From the group of anemic patients, results indicated that the prevalence of vitamin B12 deficiency was 14/109 (12.8%), the prevalence of intermediate vitamin B12 levels was 4/109 (3.7%), the presence of serum folate deficiency was 13/109 (11.9%), the prevalence of vitamin B12 and serum folate deficiency was 1/109 (0.9%), and the prevalence intermediate vitamin B12 levels and serum folate deficiency was 1/109 (0.9%).

Results indicated that after comparing the hematological tests of control subjects with the tests of patients with a vitamin B12 deficiency, MMOV was more accurate in detecting samples with the B12 deficiency followed by the MNEV. When comparing patients with vitamin. B12 or folate deficiencies with patients with anemia (without such deficiencies), the most accurate test was the MNEV, followed by the MMOV. MMOV was determined to be the best parameter for detecting latent vitamin B12 deficiency in a sample.

The data presented in Table 5 indicate that the MNEV and the MMOV can detect B12 or Folate deficiencies in patients with or without anemia with normal MCV. In all cases presented in Table 5 with normal MCV we can detect B12 and/or Folate deficiency with MNEV and/or MMOV.

Table 5 below shows examples of data for patients with B12 and/or Folate deficiencies with and without anemia. (Each different patient is in different columns; grey color shows when B12 or Folate deficiencies are detectable with MMOV or MNEV). All patients have normal or even low MCV and they cannot be detected as B12/Folate deficient with “classical” parameter. In all cases B12 and/or folate deficiency can be detected with MNEV and/or MMOV.

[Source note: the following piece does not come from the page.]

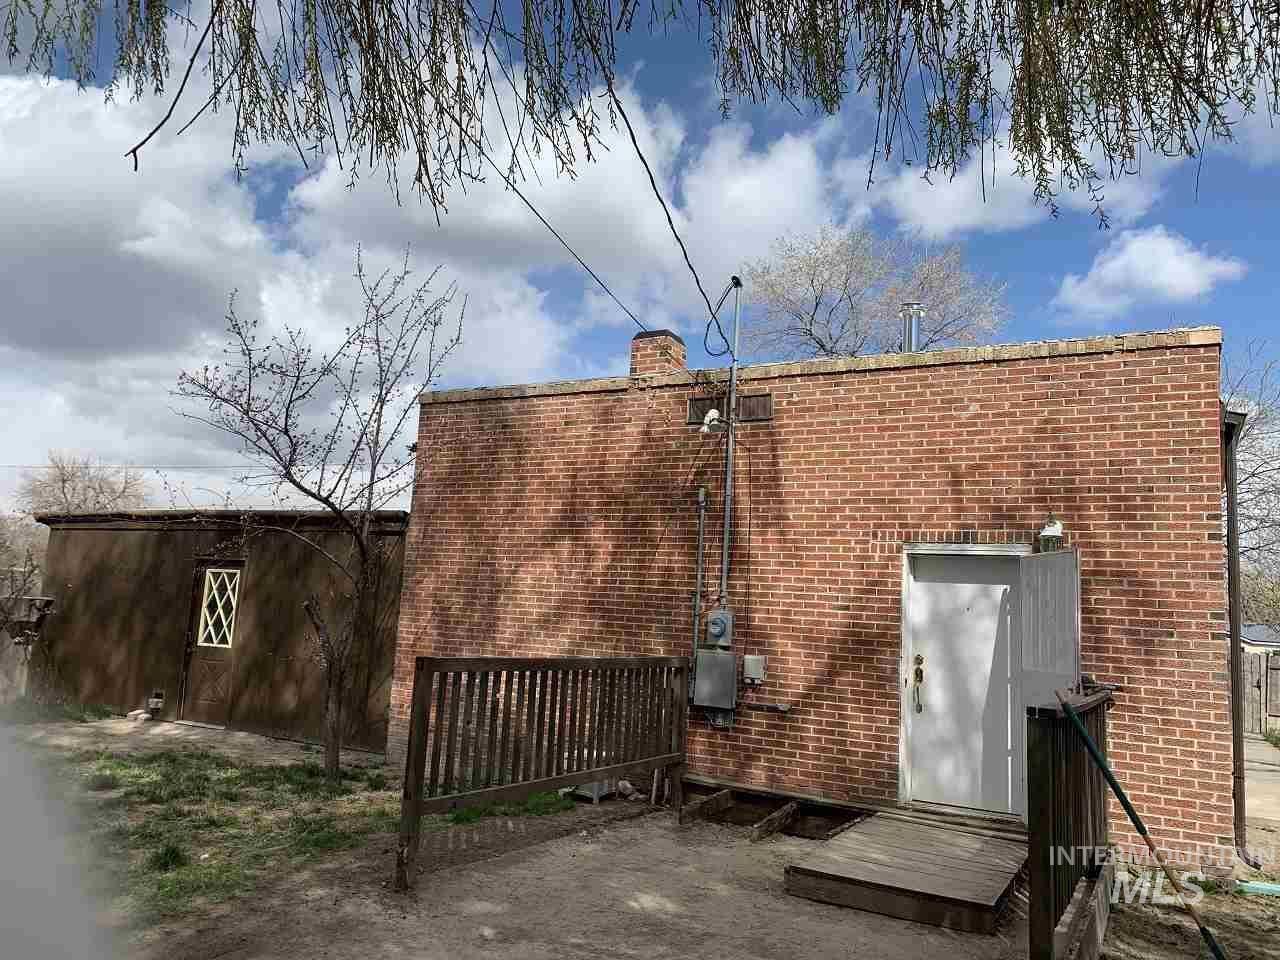 Photo of 1851 J Street, Heyburn, ID 83336-0000 (MLS # 98764498)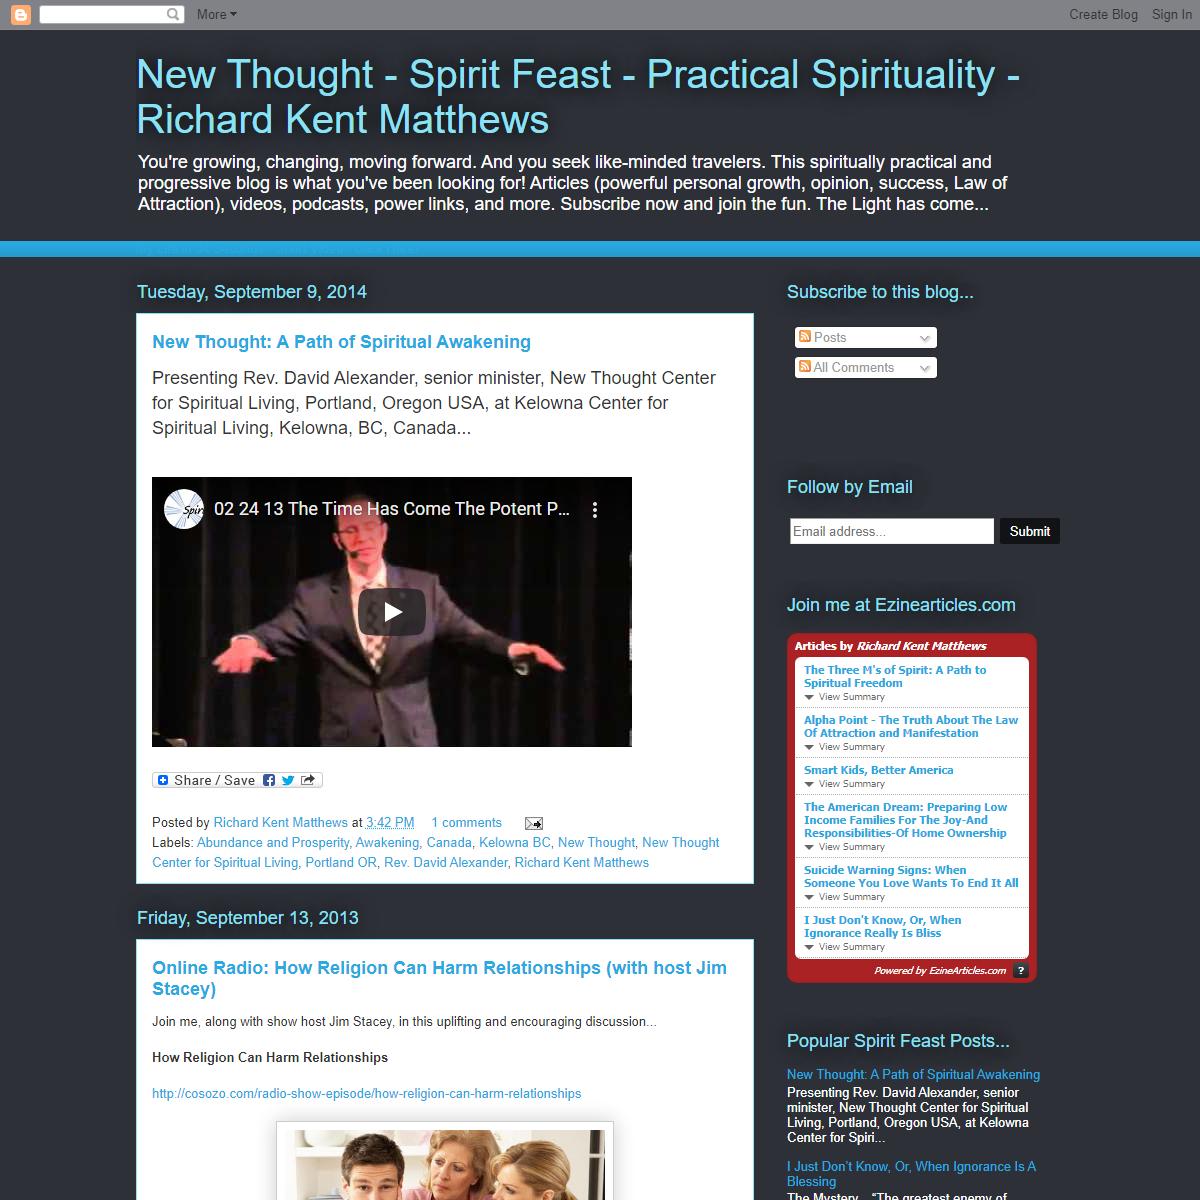 New Thought - Spirit Feast - Practical Spirituality - Richard Kent Matthews

The data presented herein indicates that the MNEV and MMOV have significantly higher sensitivity for the detection of vitamin B12 and/or folate deficiencies in a sample compared to MCV. It should be noted that MNEV and MMOV are not affected by iron deficiency or other causes of anemia, unlike MCV.

Unless defined otherwise in this specification, technical and scientific terms used herein have the same meaning as commonly understood by one of ordinary skill in the art to which this invention belongs and by reference to published texts. All documents listed in this specification and the disclosure of U.S. provisional application No. 61/112,499, are incorporated herein by reference. While the invention has been described with reference to specific embodiments, it is appreciated that modifications can be made without departing from the spirit of the invention. Such modifications are intended to fall within the scope of the appended claims.